In this task, the agent:
  1. Finds the official website of a company using the find_company_website agent
  2. Explores the site intelligently using a website_scraping tool (Serper API)
  3. Extracts structured product information — including name, price, brand, availability, and URL — from one of the product pages
Unlike traditional scrapers, this agent uses LLM reasoning to decide which pages to explore, how to navigate the site, and when to retry.

Key Features

  • Autonomous Exploration: LLM handles all website navigation and product discovery
  • Intelligent Navigation: Dynamically explores product pages without hardcoded paths
  • Structured Extraction: Returns validated product data in Pydantic models
  • Serper Integration: Uses Serper API for reliable web scraping
  • Error Handling: Graceful handling of failed requests and invalid pages

Code Structure

Response Model

class ProductInfo(BaseModel):
    product_name: str
    product_price: Optional[str]
    product_brand: Optional[str]
    availability: Optional[str]
    url: Optional[str]

Website Scraping Tool

def website_scraping(url: str) -> dict:
    """
    Use Serper API to fetch website content.
    Returns a dict with {url, content}.
    """
    endpoint = "https://google.serper.dev/scrape"
    headers = {"X-API-KEY": SERPER_API_KEY, "Content-Type": "application/json"}
    payload = {"url": url}

    try:
        resp = requests.post(endpoint, headers=headers, json=payload, timeout=30)
        resp.raise_for_status()
        data = resp.json()
        return {"url": url, "content": data.get("text", "")}
    except Exception as e:
        print(f"Serper scraping failed for {url}: {e}")
        return {"url": url, "content": ""}

Complete Implementation

import os
import sys
import json
import requests
from typing import Optional
from pydantic import BaseModel
from dotenv import load_dotenv

# Ensure repo root path for Upsonic imports
sys.path.append(os.path.dirname(os.path.dirname(os.path.dirname(os.path.abspath(__file__)))))
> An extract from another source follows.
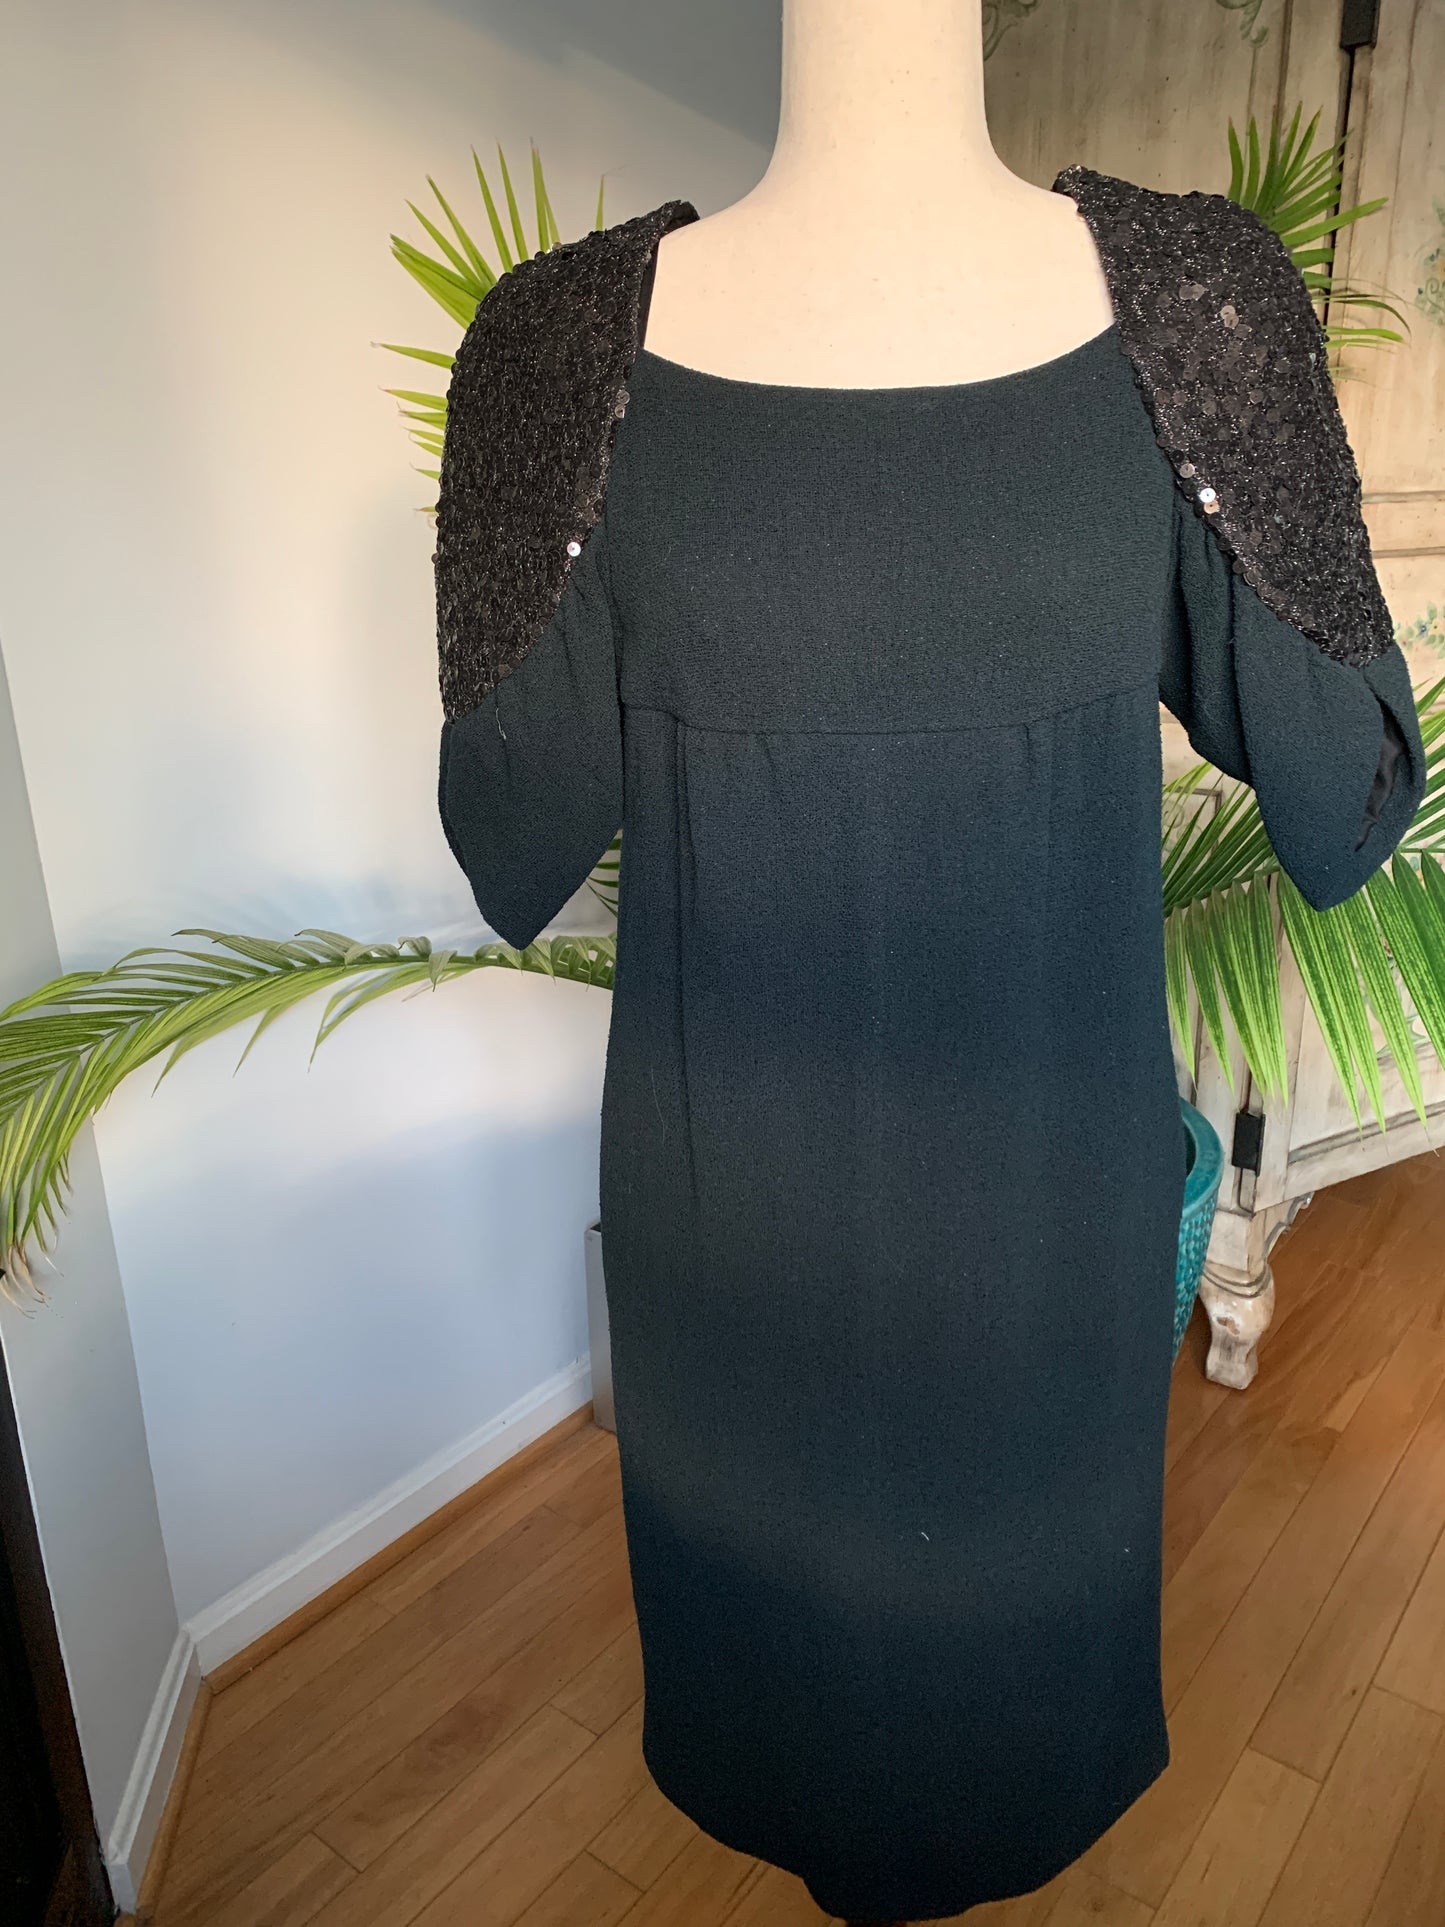 Chanel Black Wool Dress, Sequined sleeves, Size 40

from upsonic import Agent, Task
from task_examples.find_company_website.find_company_website import find_company_website

# --- Config ---
load_dotenv()
SERPER_API_KEY = os.getenv("SERPER_API_KEY")

if not SERPER_API_KEY:
    raise ValueError("SERPER_API_KEY missing in .env file.")


# --- Response Model ---
class ProductInfo(BaseModel):
    product_name: str
    product_price: Optional[str]
    product_brand: Optional[str]
    availability: Optional[str]
    url: Optional[str]


# --- Website Scraping Tool using Serper ---
def website_scraping(url: str) -> dict:
    """
    Use Serper API to fetch website content.
    Returns a dict with {url, content}.
    """
    endpoint = "https://google.serper.dev/scrape"
    headers = {"X-API-KEY": SERPER_API_KEY, "Content-Type": "application/json"}
    payload = {"url": url}

    try:
        resp = requests.post(endpoint, headers=headers, json=payload, timeout=30)
        resp.raise_for_status()
        data = resp.json()
        return {"url": url, "content": data.get("text", "")}
    except Exception as e:
        print(f"Serper scraping failed for {url}: {e}")
        return {"url": url, "content": ""}


# --- Agent Setup ---
example_product_agent = Agent(name="example_product_agent")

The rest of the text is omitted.